Figure 5: Forest plot of sensitivity a. and specificity b. of lncRNAs for the diagnosis of RCC.
Figure 6: The summary receiver operator characteristic (SROC) curve based on all lncRNAs.
Figure 7: Univariate meta-regression and subgroup analysis for sensitivity a. and specificity b. of lncRNAs for the diagnosis of RCC(*p < 0.05, **p < 0.01, ***p < 0.001).
DISCUSSION
Over the past decade, there were a lot of researches studying on lncRNAs. Increasing evidence showed that aberrant expression of lncRNAs was associated with clinical outcomes for cancer patients. LncRNAs were also closely related to cancer, they were considered eminent players in cancer biology. The up-regulation or down-regulation of many lncRNAs contributed to oncogenesis by affecting many cellular processes [36]. In order to find some biomarkers for RCC, we conducted this comprehensive systematic review and meta-analysis of the current literature.
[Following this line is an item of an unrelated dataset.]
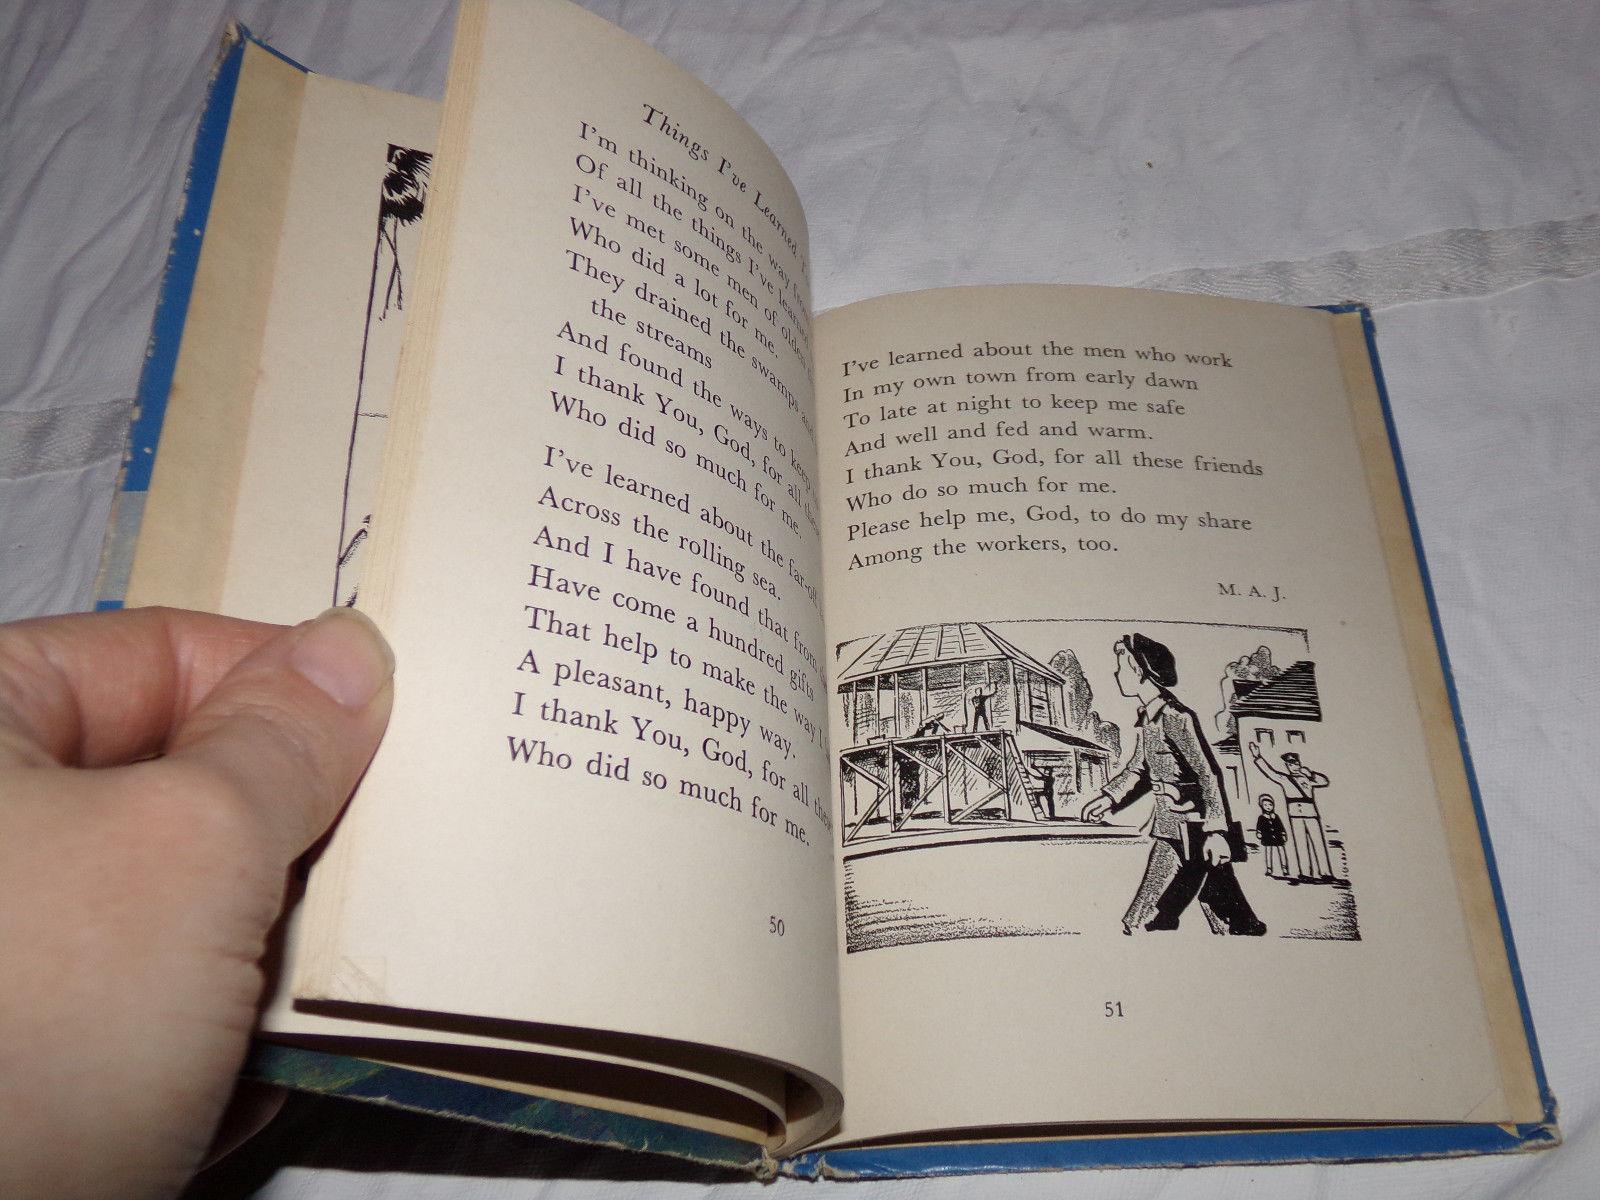 Vtg 1938 MY OWN BOOK OF PRAYERS Illustrated Children's Mary Alice Jones Stoddard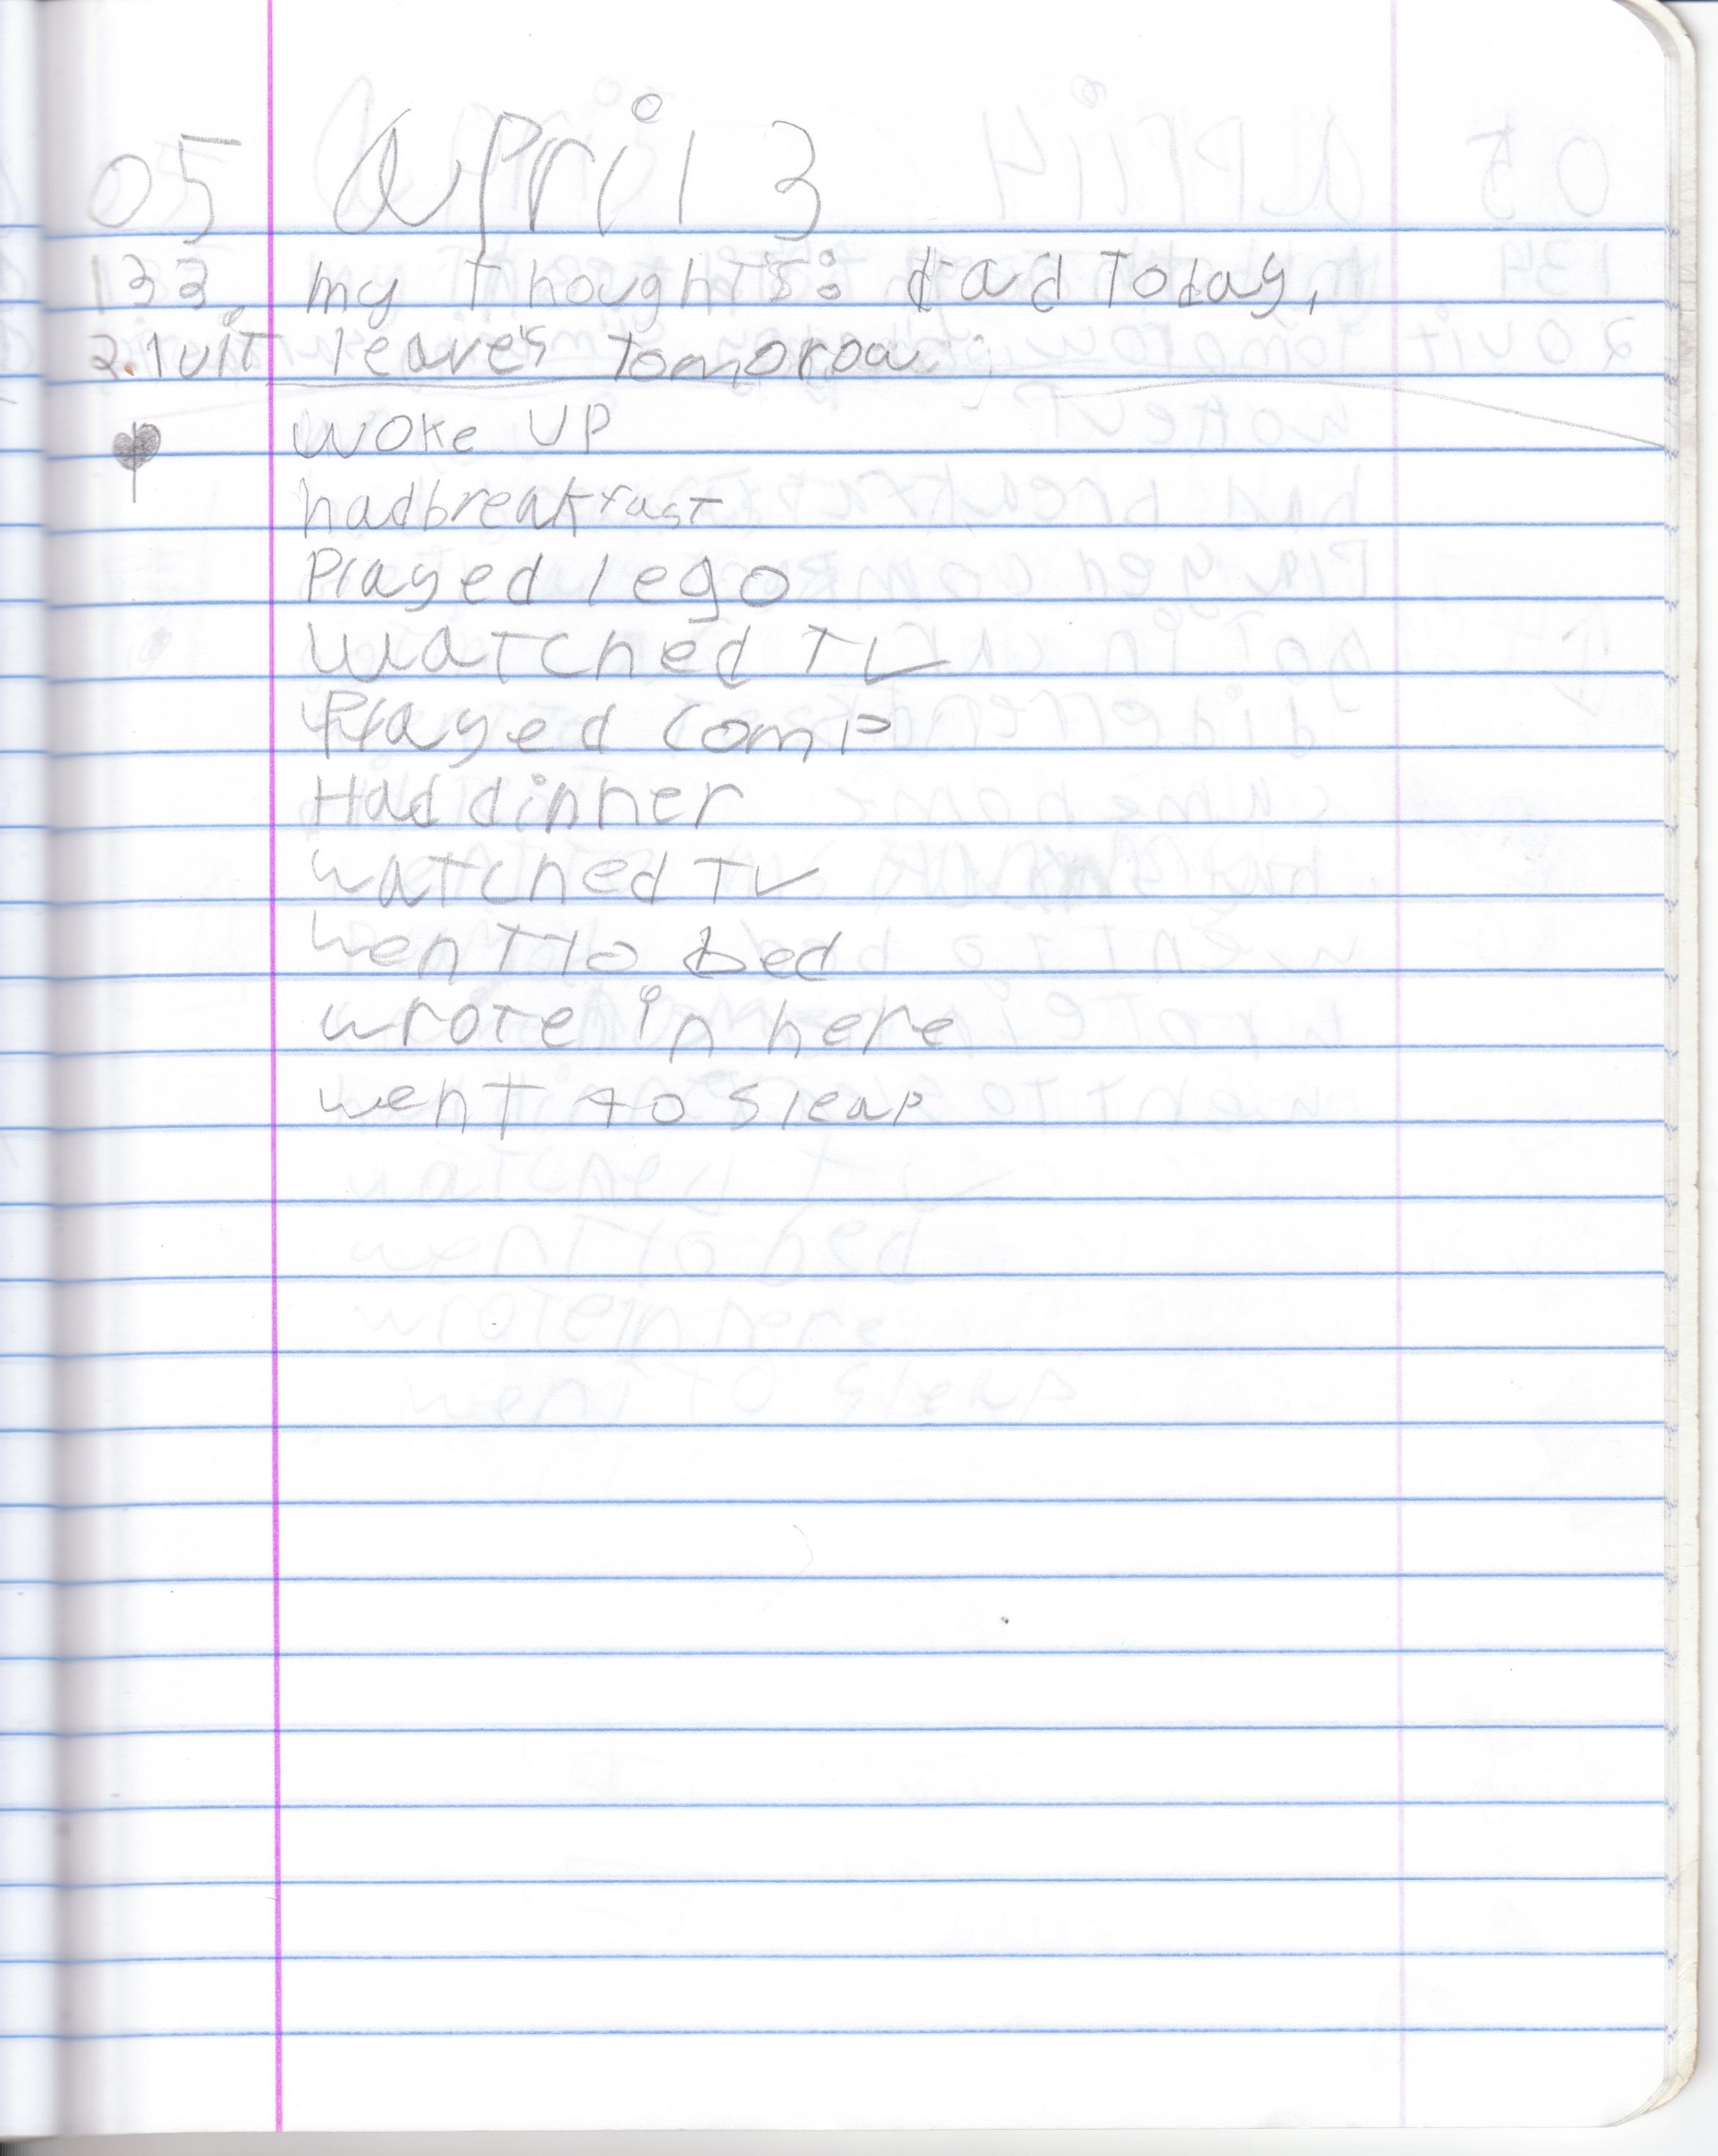 my first diary-log_Page_175.jpg

The present meta-analysis is the first to systematically analyze the association between lncRNA expression and clinical features of RCC, a total of 14 studies were included.
In the classification of clinicopathological features, dysregulated RCCRT1 [23], SPRY4-IT1 [24], H19 [21], NONHSAT123350 [29], and ATB [22] could potentially be exploited as novel biomarkers to detect distant metastasis in patients with RCC in early stages. Furthermore, RCCRT1 [23], SPRY4-IT1 [24], NBAT-1 [27], MALAT1 [25], and ATB [22] might be used as biomarkers of lymph node metastasis. Although these lncRNAs were associated with the clinicopathological features of patients with RCC; most of these lncRNAs were detected by single study; among these lncRNAs, MALAT1 was the most investigated and reported by two studies; this lncRNA was significantly associated with the tumor stage and lymph node metastasis of patients with RCC after we pooled OR and p-value. However, this conclusion may be insufficiently persuasive because these two studies used different cutoff values to distinguish high and low expression levels. Further studies should be performed because of the limitations of the included studies to verify these conclusions.
Regarding the prognostic value, the increased expression of four lncRNAs was associated with poor prognosis, as was the decreased expression of six lncRNAs. Although these lncRNAs were associated with the prognosis of patients with RCC, only MALAT1 was reported by two studies. We then conducted a meta-analysis on the relationship of MALAT1 expression and the OS of patients with RCC. The results revealed that a high MALAT1 expression predicted poor survival among patients with RCC; as such, these patients likely exhibited a short OS. However, this conclusion may be insufficiently persuasive because of the small size of this study. Thus, further research should be conducted to verify this conclusion.
For diagnostic value, the pooled result showed that lncRNA maintained high sensitivity and specificity in RCC diagnosis. PLR and NLR were applied to judge the clinical applicability of lncRNA for diagnosis, and the PLR > 10 and NLR < 0.1 represent a high diagnostic accuracy [32]. The pooled PLR and NLR obtained in our study showed a satisfactory diagnostic accuracy. The AUC of 0.94 for lncRNA in RCC diagnosis also indicated a significant advantage over other biomarkers. Considering that significant heterogeneity was observed in sensitivity and specificity data, we then performed a subgroup analysis on ethnicity, lncRNA expression level and detected sample types which may influence the heterogeneity. We found that detection and ethnicity unlikely affected the diagnostic accuracy for RCC. By contrast, the lncRNA expression level significantly affected sensitivity. Therefore, the down-regulated lncRNAs may exhibit a higher sensitivity for the diagnosis of RCC. However, we were unable to perform advanced analysis because of the limited number of studies and insufficient number of articles regarding other lncRNAs. Nevertheless, these limited data still fuel our imagination. As we can see, the diagnostic value of single lncRNA was high enough, if we merge some of them, can we improve the diagnostic rate of RCC? Wu et al. [35] reported that the AUC of a 5-lncRNA signature, including lncRNA-LET, PVT1, PANDAR, PTENP1 and linc00963 was higher than that of one lncRNA after they detected serum samples from 71 ccRCC patients, 62 healthy controls, and 8 patients with benign renal tumors. Moreover, five-minus-one lncRNA signatures yield that none of the lncRNAs had a higher AUC than the other lncRNAs do [35]. Jicheng Tantai et al. [15] reported that combination of lncRNA-XIST and lncRNA HIF1A-AS1 had a higher positive diagnostic efficiency of NSCLC than XIST or HIF1A-AS1 alone. From this point of view, it provided a promising way to determine biomarkers for the diagnosis of RCC. However, further large-scale studies should be conducted to verify this method.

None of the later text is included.